Вокруг меня свистел ветер, где-то совсем близко громыхал гром. Я не встречал физического сопротивления, с которым столкнулся в старом Лабиринте. Сопротивления вообще не было. Вместо него, и это наверное было хуже, была странная настороженность. Не обдумав, я не решался сделать и шага. Поэтому движения мои были замедленны. Мое продвижение было похоже на ритуальное действо. Я тратил больше энергии на подготовку к каждому шагу, чем на сам шаг. Прежде чем сделать движение, я совершал его мысленно. Заторможенность, замедленность мешали мне выполнять работу. Но зато это и не позволяло совершить ошибку. Я делал свое дело наверняка. Появлялась определенная четкость. Правая… Казалось, этой медлительной четкости требует от меня неведомая сила. И так же, как Лабиринт в Ребма, где восстановились когда-то мои растаявшие воспоминания, так и этот Лабиринт тоже разворошил мою память. И появились здесь в сломавшемся пространстве, во времени, потерявшем границы прошлого, настоящего и будущего, запах каштанов, полные овощей фургоны, тарахтящие по булыжной мостовой. Я не был в то время влюблен, но были увлечения — Иветт, Мими и Симона. И была в Париже весна, и плясали цыгане в «Луи», и удивительно пахли коктейли… Я вспоминал, и сердце не помещалось в груди, и время звенело, как колокол… Я вспоминал, и радость прустовского оттенка передавалась моим движениям, наполняла мое сознание, наделяла мощью мою волю… Я обдумал, а потом увидел, а потом сделал следующий свой шаг… Я уже совершил один круг, создал периметр своего Лабиринта. Спиною я чувствовал грозу. Она, видимо, уже коснулась края плато. Небо потемнело… Цветные огни плясали надо мной и качались… Вокруг появились сполохи… А я не мог отвлечься, не мог отдать ни капли энергии, чтобы контролировать бушевавшую стихию. Завершив круг, я увидел, что все расстояние, которое я прошел по Лабиринту, вычерчено на камне, и линия эта пылает бледным голубым пламенем. Я не чувствовал магнитных линий, не ощущал тока, который возникал там, где я ставил ногу. Необычными были только замедленные движения, будто нес я на спине непосильный груз… Левая…

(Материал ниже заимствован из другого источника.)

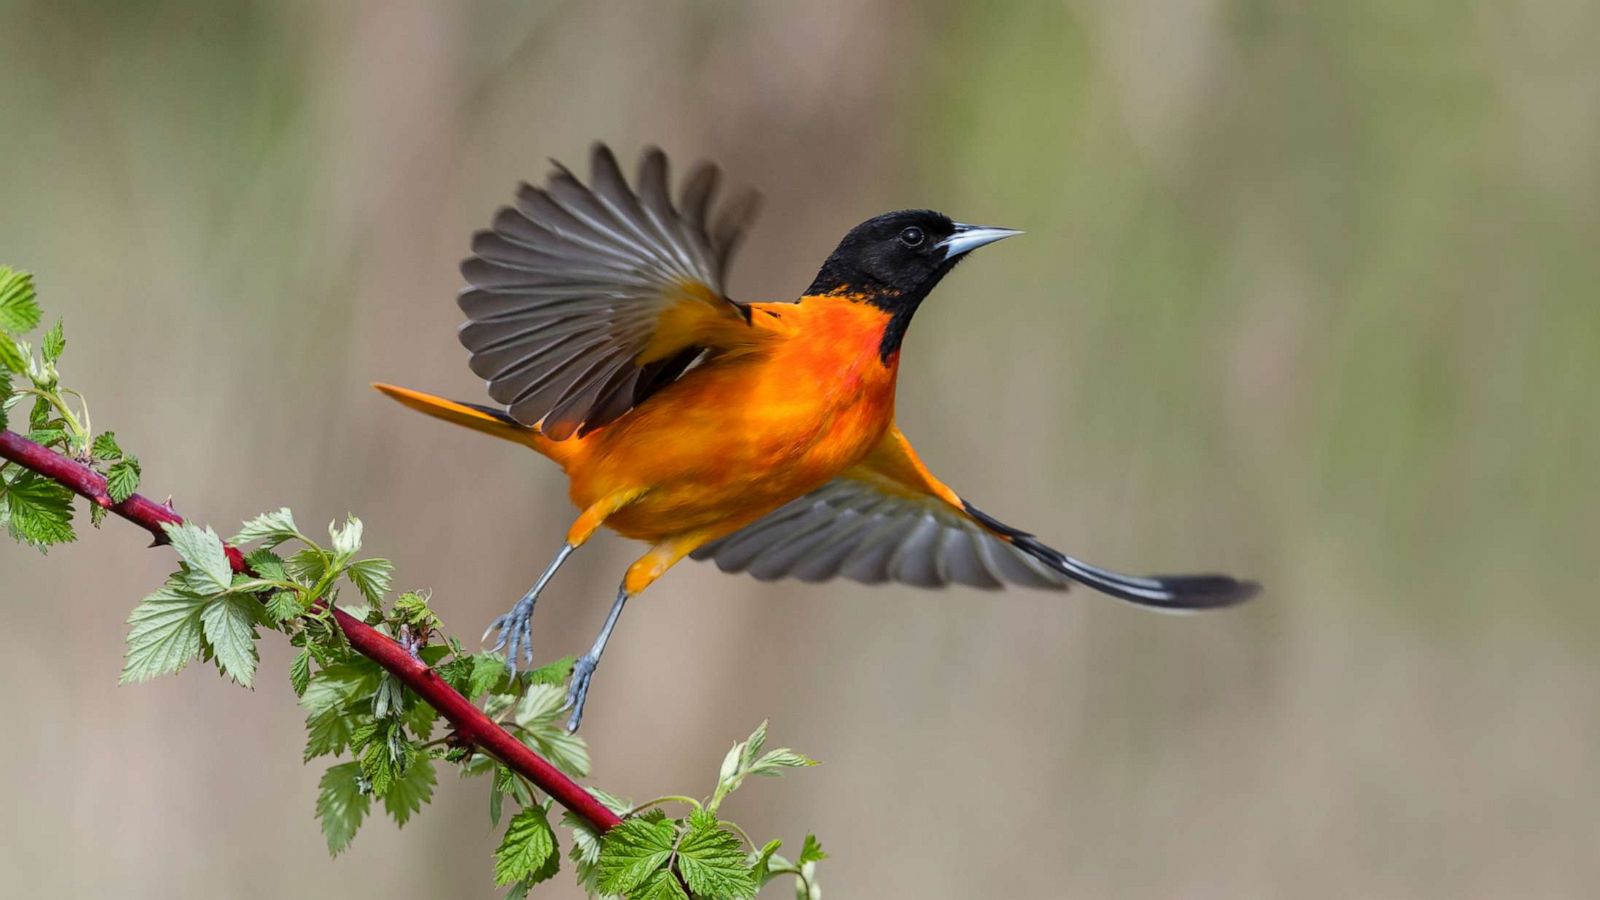 Two-thirds of birds in North America at risk of extinction due to climate  change: Report - ABC News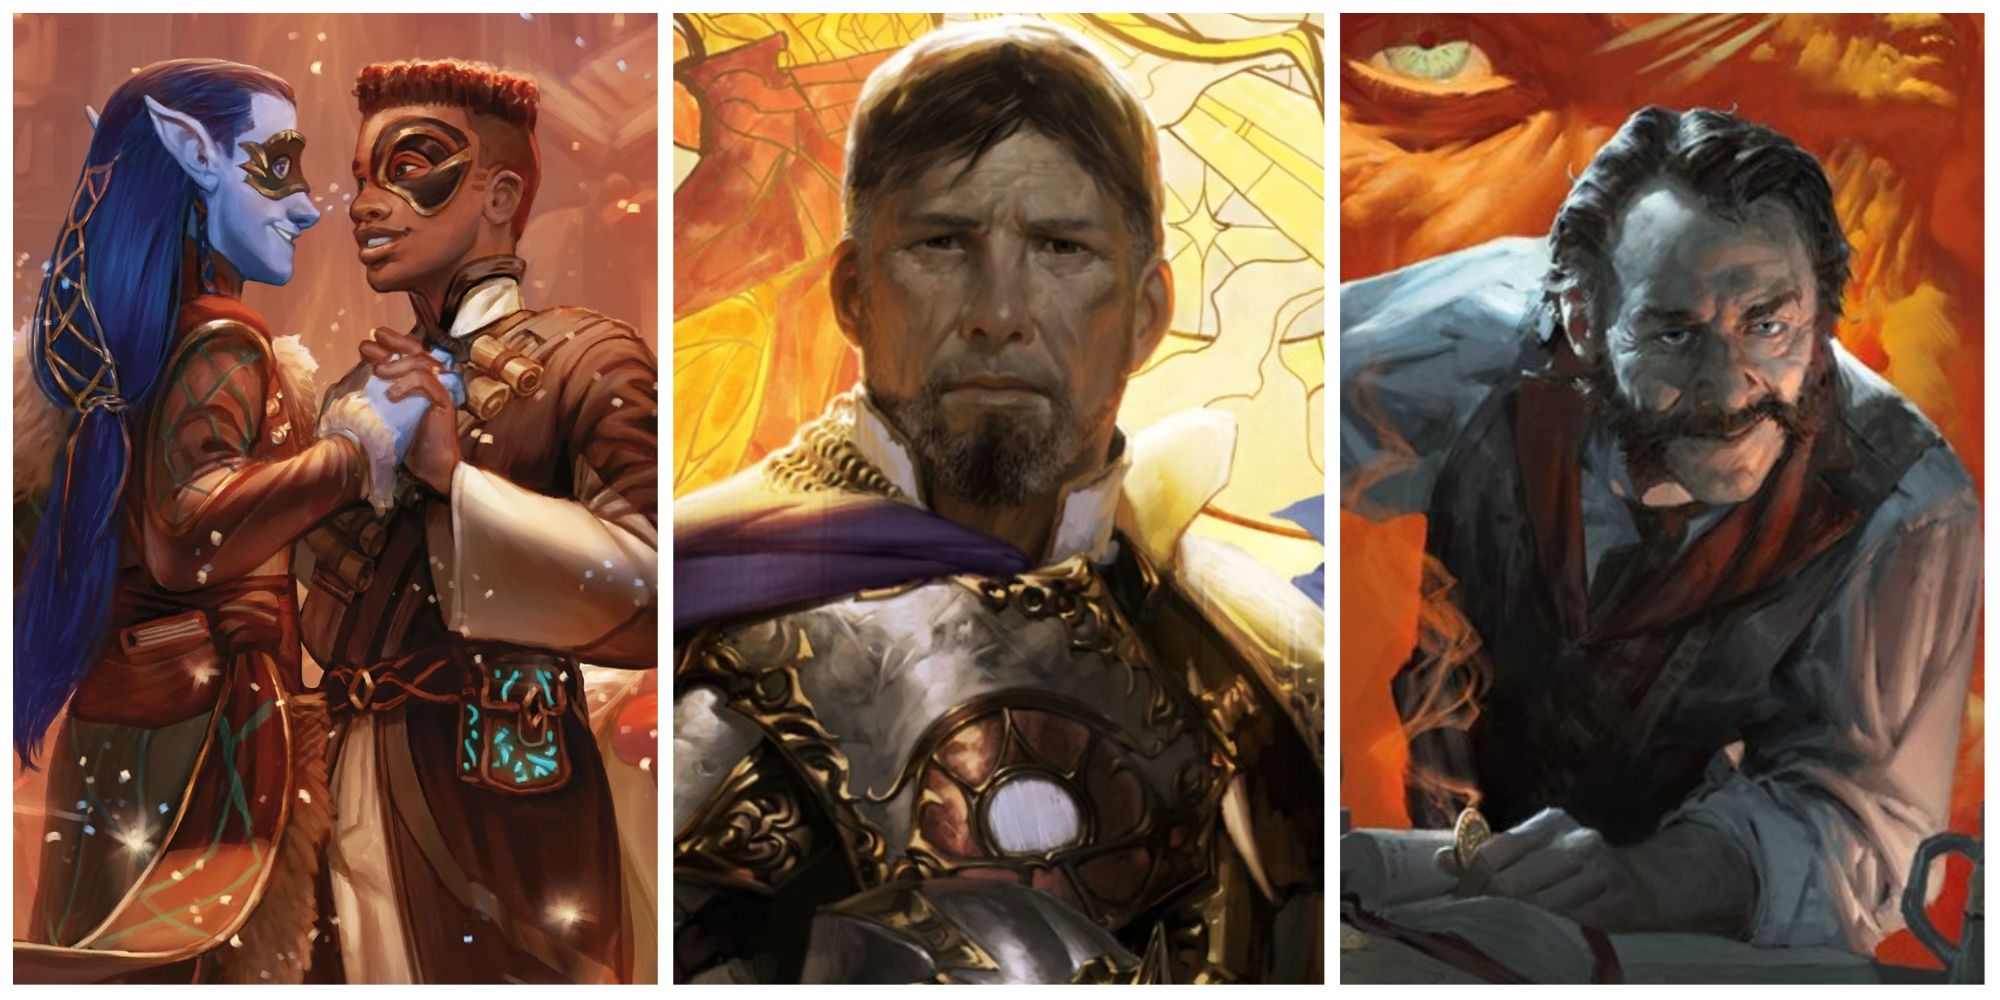 Dungeons and Dragons Tips Political Campaign Featured Image showing four different D&D characters

Маки, маки и васильки и высокие тополя вдоль сельских дорог, вкус нормандского сидра… И снова город, запах цветущих каштанов… Сена, купаются звезды… Запах старых кирпичных домов на Вогезской площади после утреннего дождя… Бар под мюзик-холлом «Олимпия»… Драка… Окровавленные пальцы, забинтованы девушкой, пустившей меня к себе домой… Как ее звали? Цветущие каштаны… Белая роза… Тут я принюхался. Аромат розы в моей петлице такой же, каким был тогда. Удивительно, что хоть что-то осталось от нее. Это приободрило меня. Я двинулся вперед, чуть-чуть под углом вправо. Краем глаза я видел грозу. Она надвигалась стеной, гладкой, как стекло. За ней была пустота. Гром уже гремел оглушительно. Правая… Левая…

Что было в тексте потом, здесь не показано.